Historic house in West Virginia, United States

Wildwood, also known as the General Alfred Beckley Home, is a historic home located at Beckley, Raleigh County, West Virginia. The house is open as the Wildwood House Museum and was listed on the National Register of Historic Places in 1970.

==History==
General Alfred Beckley (1802–88) wanted his home to be the center of what he envisioned for Beckley, West Virginia which he founded in 1838. Although his town was a piece of paper in 1838, it would later become the county seat of Raleigh County, West Virginia, which was also founded by Beckley in 1850. His house was built in 1835–36, initially as an unpretentious double log cabin. "I took possession of a double log cabin built for me in the fall of 1835 by Mr. John Lilly Sr. of Bluestone.." Originally, the residence was named Park Place. According to Alfred Beckley, "I changed the name of my residence from 'Park Place', a name given it by my kinsman, Clarkson Prince to that of 'Wildwood'".

==Description==

The current appearance of Wildwood began in 1874 with remodeling by Alfred Beckley.

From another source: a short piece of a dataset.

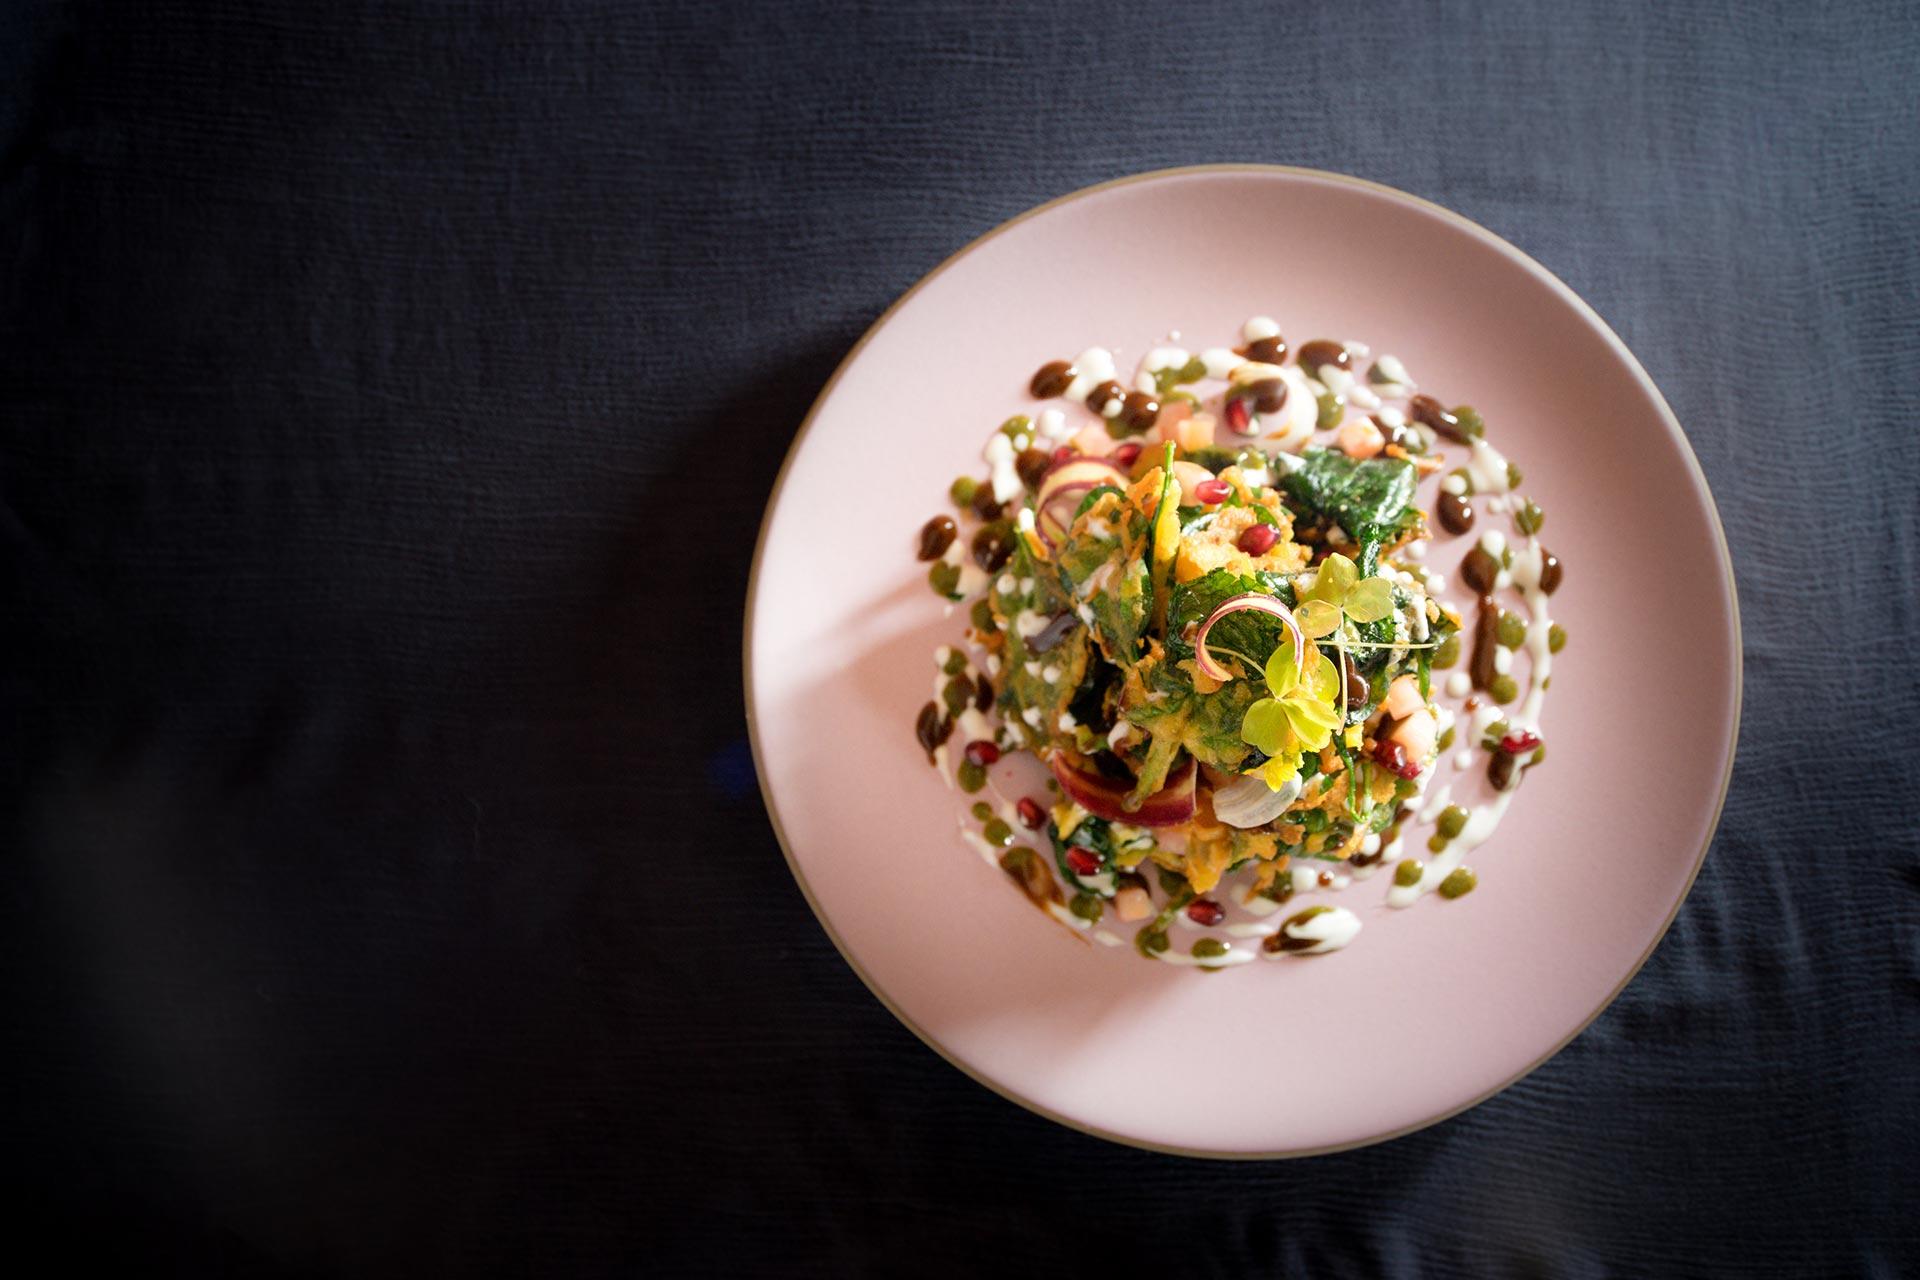 keeva-sf-restaurant-food-photographer-a-few-good-clicks-15.jpg

This included the addition of a kitchen and dining room to the back of the house. The log cabins exterior was also covered in white clapboard. This was replaced in the 1970s with aluminum siding. Most of the original pine floor exists, and wood beams have been exposed within parts of the house to demonstrate its log cabin origins. There have been plans to restore the structure to its original 1874 appearance.